A BARRELHOUSE INTERVIEW WITH AARON BURCH
In My Big Little Break, we ask authors to talk about the first piece they ever had published, how it felt to finally break through, and what they’ve learned since then. This week, writer, editor, publisher, and Barrelhouse nemesis Aaron Burch answers.
What was the title and genre of your first-ever published piece?
“My Beautiful Son, ” fiction. To be honest, I had to Google it to remind myself the title. I’m pretty bad at titles, and that one’s pretty bad, pretty forgettable. A part of me seems to remember landing on that title because I couldn’t think of one and “Beautiful Son” is a Hole song, but… I don’t know. It’s been so long. I probably realized that connection (or, possibly even more likely, had someone point it out to me) later and remembering it at inspiration may be revisionist history.
Who published it? Are they still around?
Eyeshot. No. Although, unlike some web journals that have also passed, the archives are still there. (Also, like the above Googling to confirm title, I had to doublecheck to see if Eyeshot was still going or not. Seems like, for the last handful of years, Lee Klein went through a few phases of bringing it back, leaving it be, bringing it back different, killing it off, etc.

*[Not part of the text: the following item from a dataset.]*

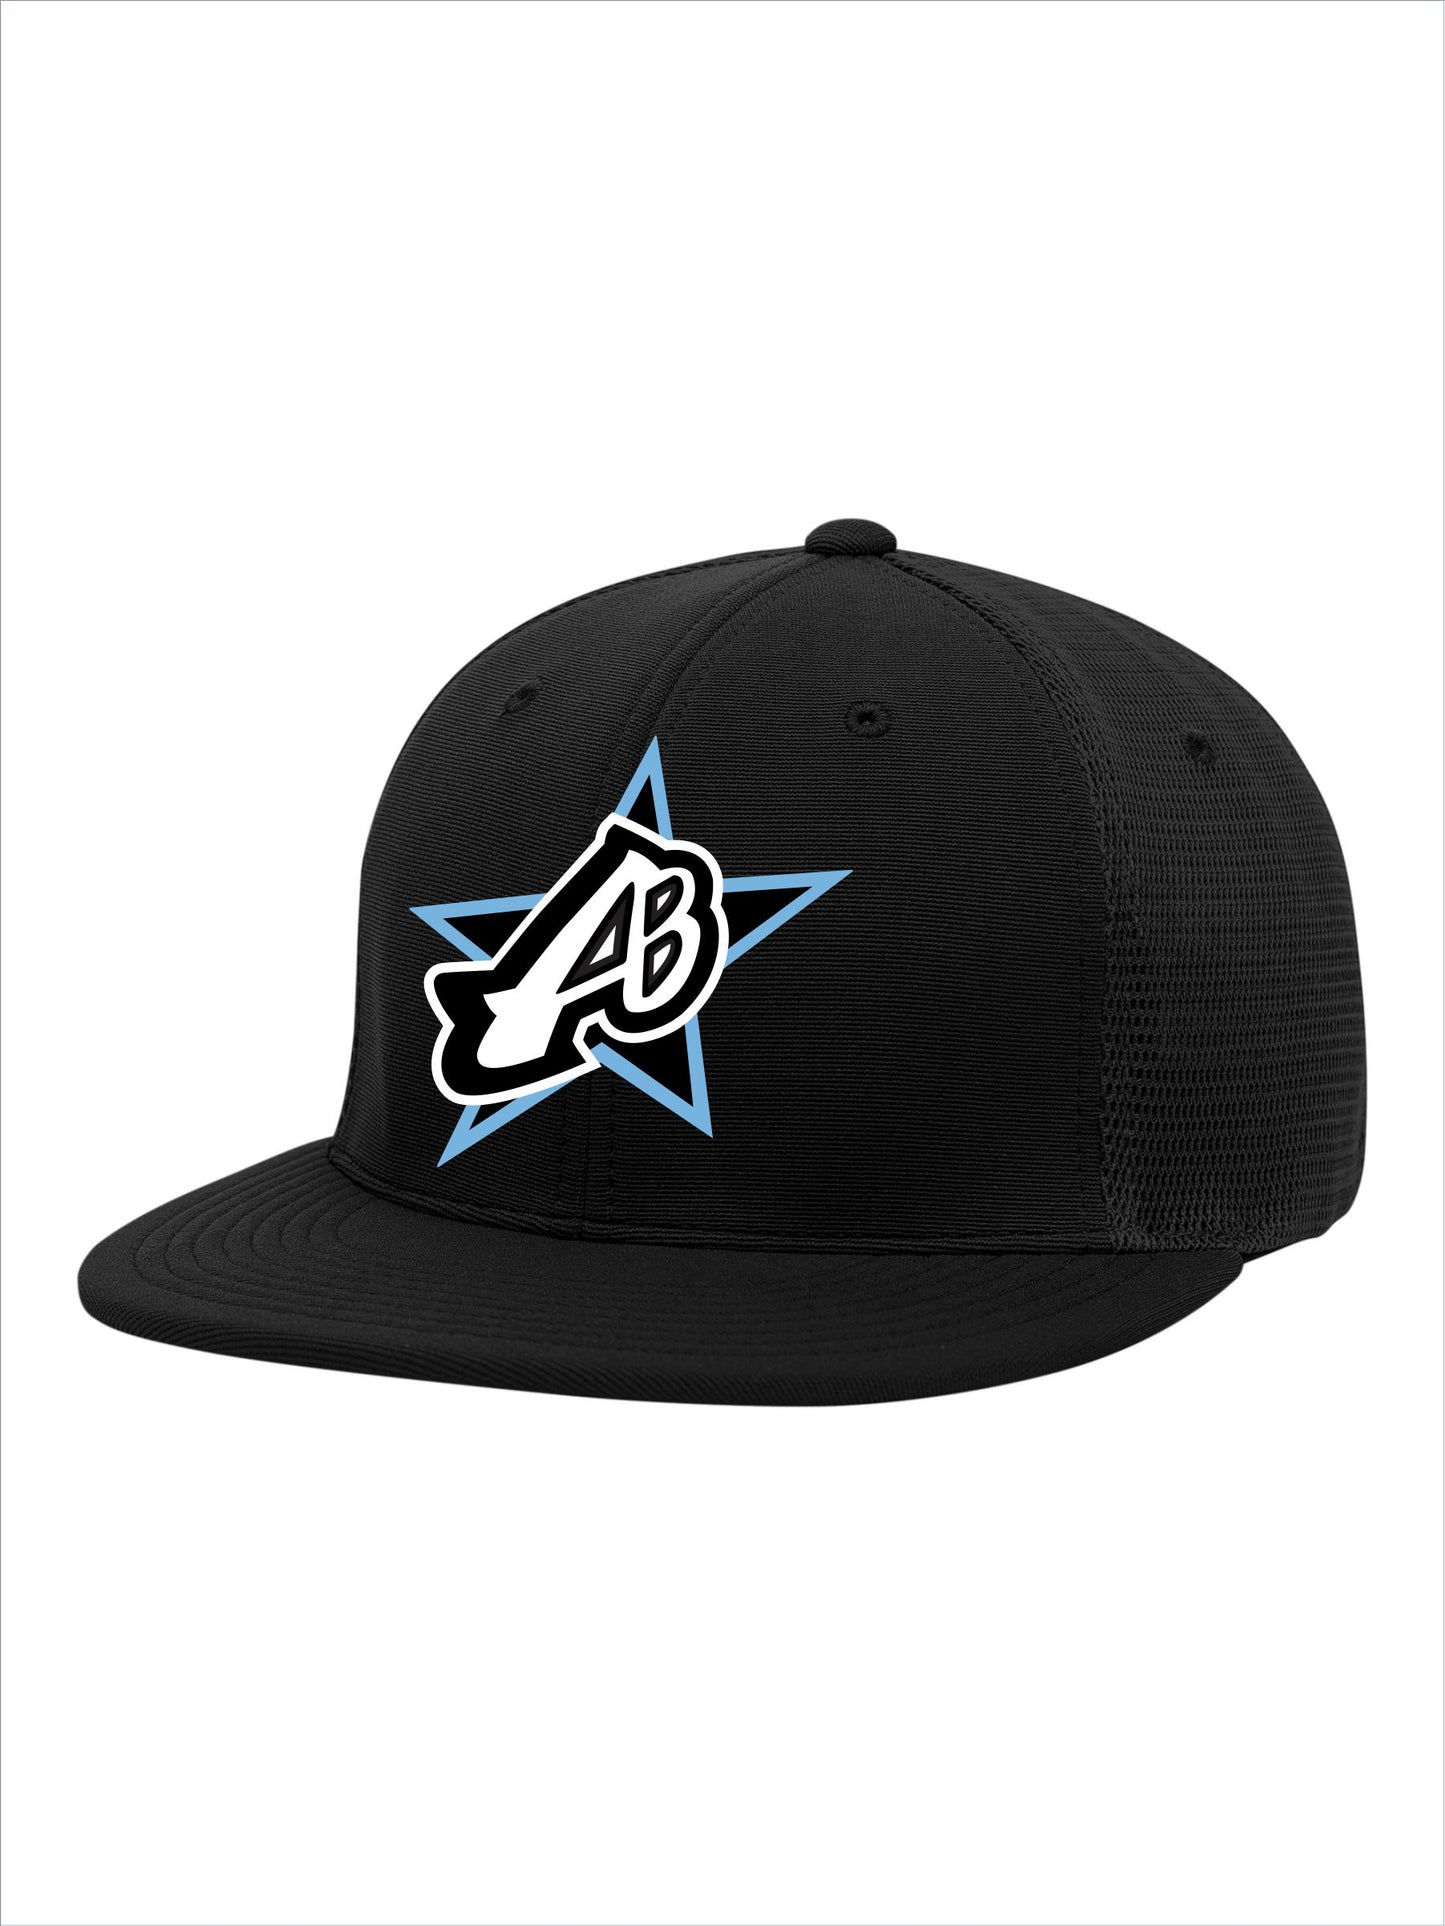 Advantage Baseball Hat with Embroidered Logo

Give us some context: how old were you? How long had you been writing and submitting? How many times had the piece been rejected? Anything else we're missing. Did getting that acceptance feel as triumphant as you'd always hoped? Walk us through the moment when you found out.

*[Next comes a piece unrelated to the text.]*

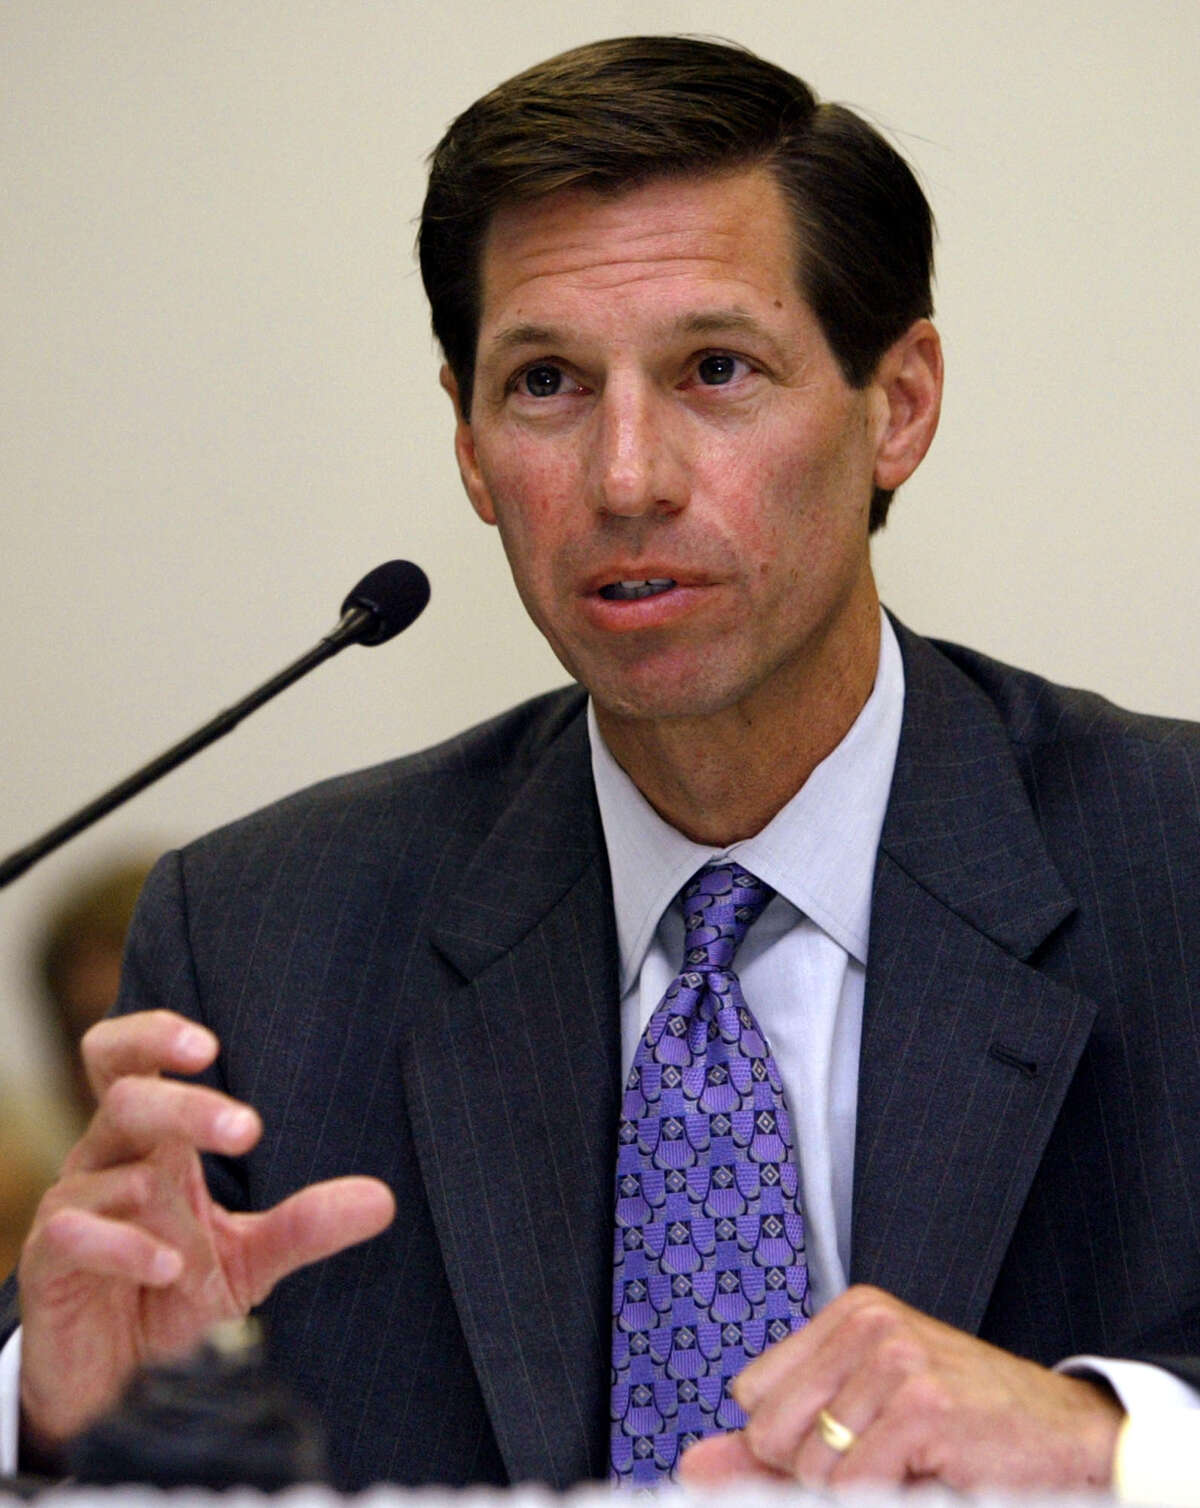 James P. Torgerson, president and CEO of Midwest ISO, briefs the Indiana Utility Regulatory Commission on its role in the blackout and its future plans during an informal hearing in Indianapolis, Monday, Aug. 25, 2003.

I was… 24. I’d been writing and submitting for not that long. I’d started Hobart about a year before, and my connection to writing and online literary community, etc., was much more via that than my own writing. I think, somewhere around in here, I’d found this message board that had started as a kind of Dave Eggers fan thread but, by the time I found it, it was “online” writers and editors. At the time, Lee Klein was kind of known for writing these overlong, sometimes mean, oftentimes essays in and of themselves, rejection letters. (Which he occasionally collected into posts on the site, and which then turned into a really great book put out by Barrelhouse!) I’m not sure if I wrote the story in part to try to get a good rejection out of him or specifically submitted to Eyeshot for such but I remember kinda preparing for a “Lee Klein” rejection and being surprised when it was instead accepted. Actually, what I remember was Lee replying right away—same day or maybe a day later?, as he often did—but noncommittally. Saying something about how he liked it but also thought it might be too precious and he wasn’t sure what to do with it. I feel like I remember him saying that he never had that response and that he was going to sit with it a day or two but he just wanted to reply right away anyway. And then a day or two later, he accepted it.
Are you still proud of that piece?
I am, yeah. But… proud of it as a first published story, not as representative of me now.
Have you re-read it recently?
I read it a couple of years or so ago. I was playing with collecting some poems and old short-shorts into a chapbook or something, was curious if putting these newer poems and older flash fictions together might fit. I was like “My Beautiful Son” is really good, other old story this and that are still good, I should put those out there. I reread them and changed my mind.
Now that you've been doing this for a while, collecting plenty of rejections and acceptances along the way, what advice do you wish you could give your younger self?
I don’t think anything. Something about how much rejection to expect, but I think I knew that at the time. I’d maybe urge myself to try to keep up that work ethic of what I was still a little younger and hungrier, to try to be better about building habits.
Aaron Burch is the Founding Editor of Hobart, and the author of the criticism-turned-memoir (?) Stephen King's The Body and the story collection Backswing.